4985.5	Bug 421402	CHSR36::LCONS		`Mon Feb 17 1997 11:45`	4
	Could it be related to bug 421402 ? With no Stop/id or Ctrl Y the problem has disapeared Louis
4985.6	Are all the cases of this on VAX ?	NOMAHS::SECRIST	Rdb WWS; [email protected]	`Mon Feb 17 1997 12:44`	17
	; That PC doesn't make any sense to me so I can't say what is going on.
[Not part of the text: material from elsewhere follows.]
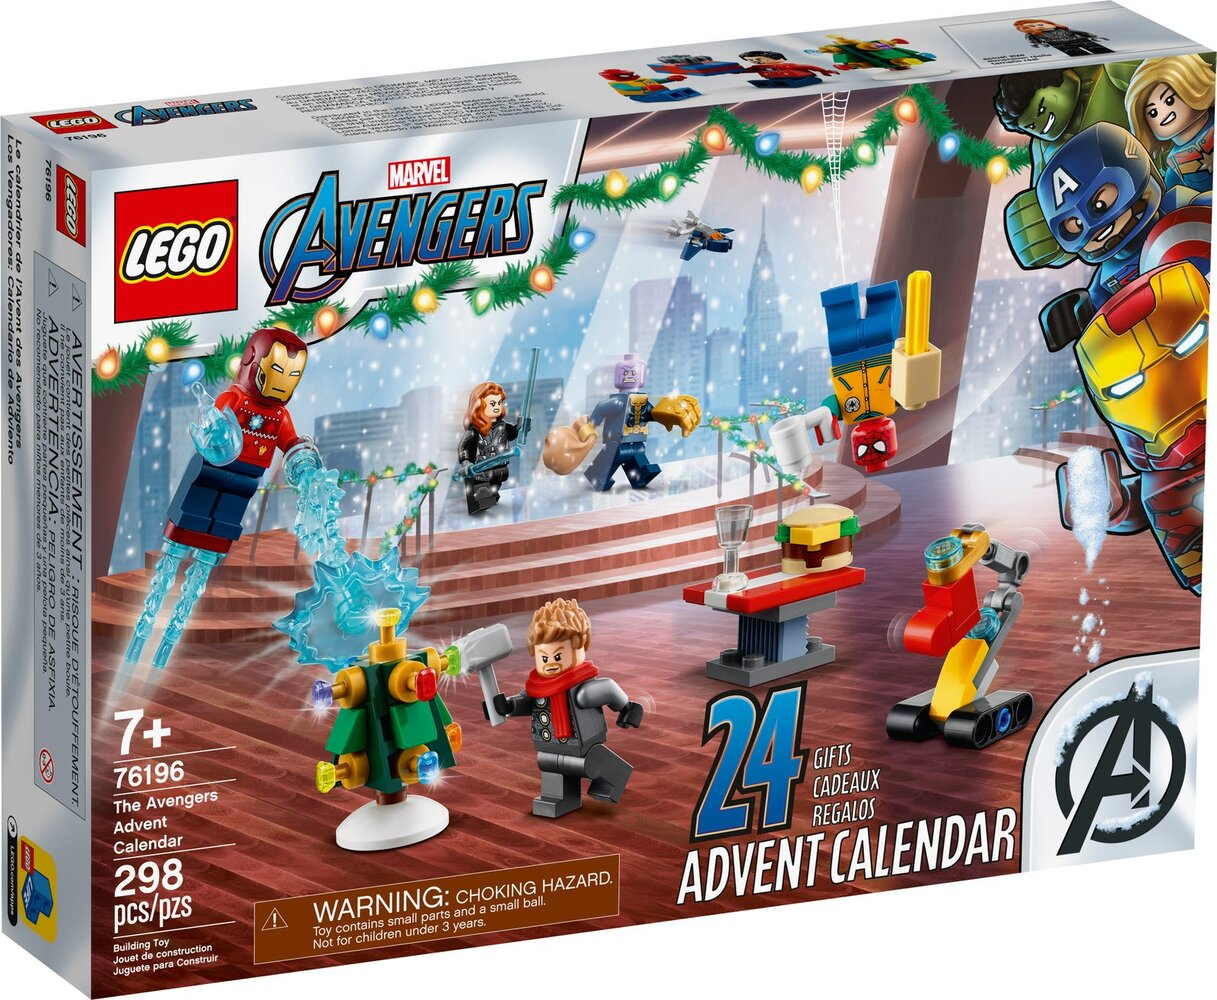 Marvel The Avengers Advent Calendar 2021
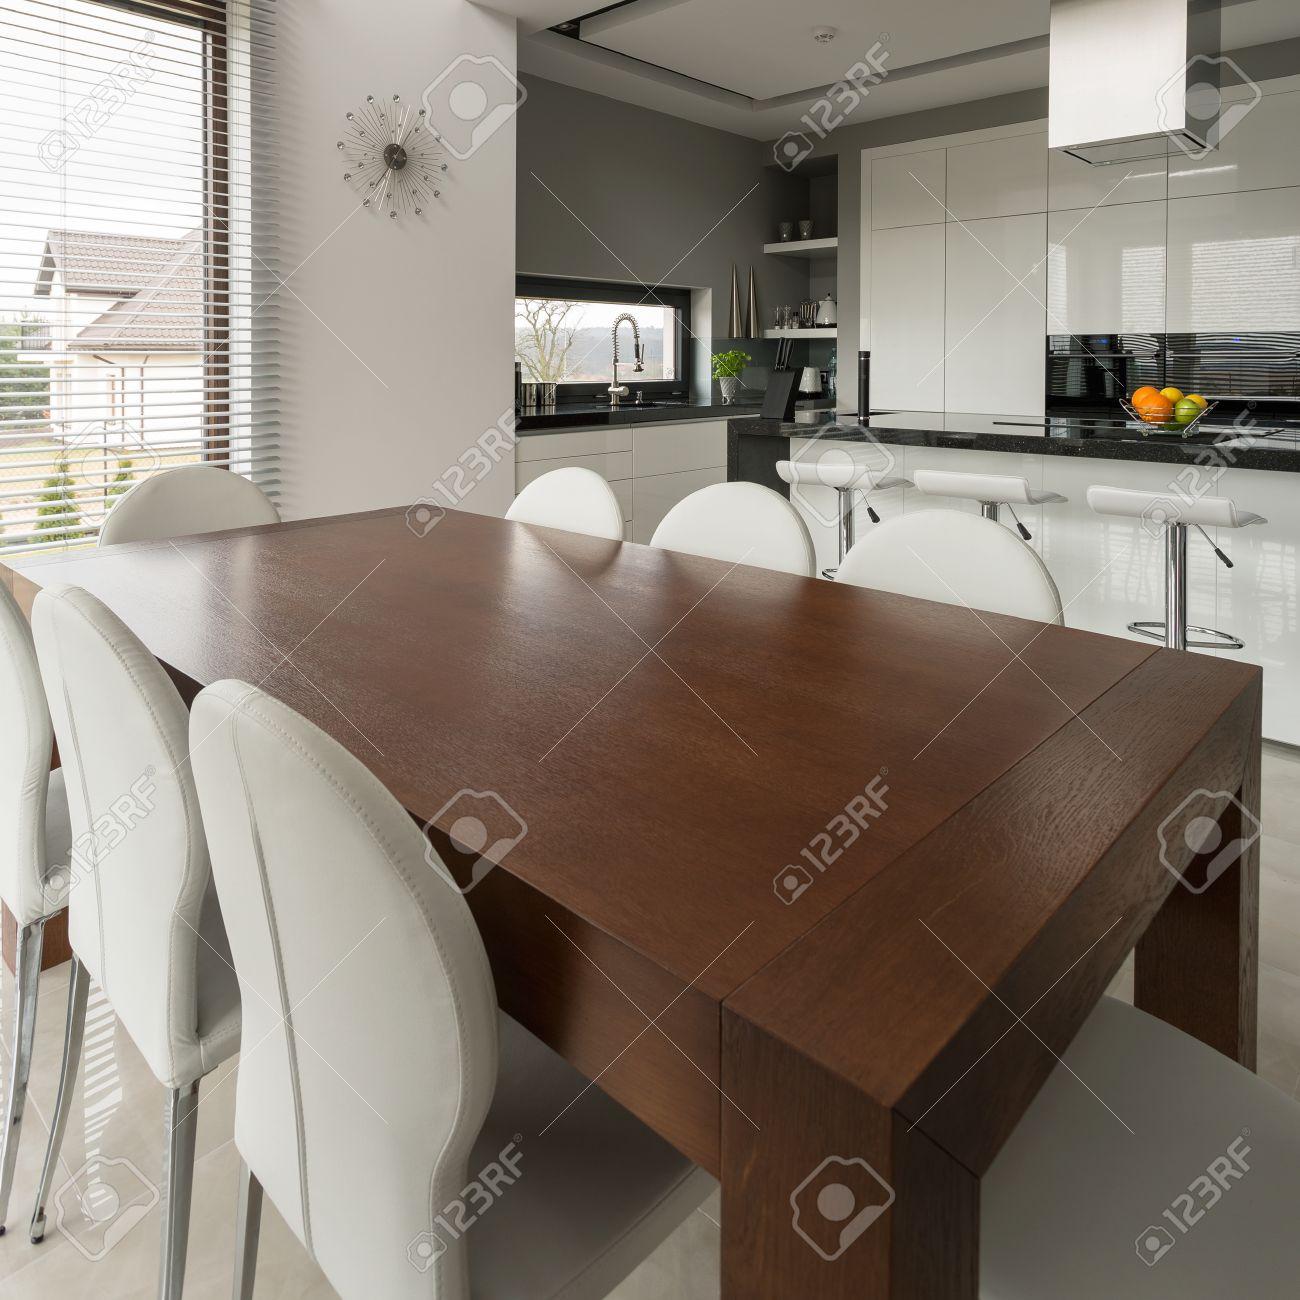 Grande Table A Manger En Bois Dans La Cuisine Moderne Cher

That is the same PC and VA from .0 of this note and that my customer saw today. They were at 6.0-14 so we're going to start by brining them up to 6.0-16, but if they get this a lot more they're going to be interested in your hack so we can get to the root of the problem (it still happens infrequently and they can't reproduce it at will, but since it takes ~1.5-2 hours to roll everything back when whatever DOES bite them they're getting real sick of not having a clue what it is). Regards, rcs
4985.7		HOTRDB::PMEAD	Paul, [email protected], 719-577-8032	`Mon Feb 17 1997 13:18`	8
	> That is the same PC and VA from .0 of this note and that my > customer saw today. Oh, the one from the monitor log. Well that is junk. You need to make sure they don't have any files in SYS$SYSTEM. If you don't find the RDMDBRBUG.DMP files then look for KOD$TT. files. In any case, you might want to look at the bug Louis refered to.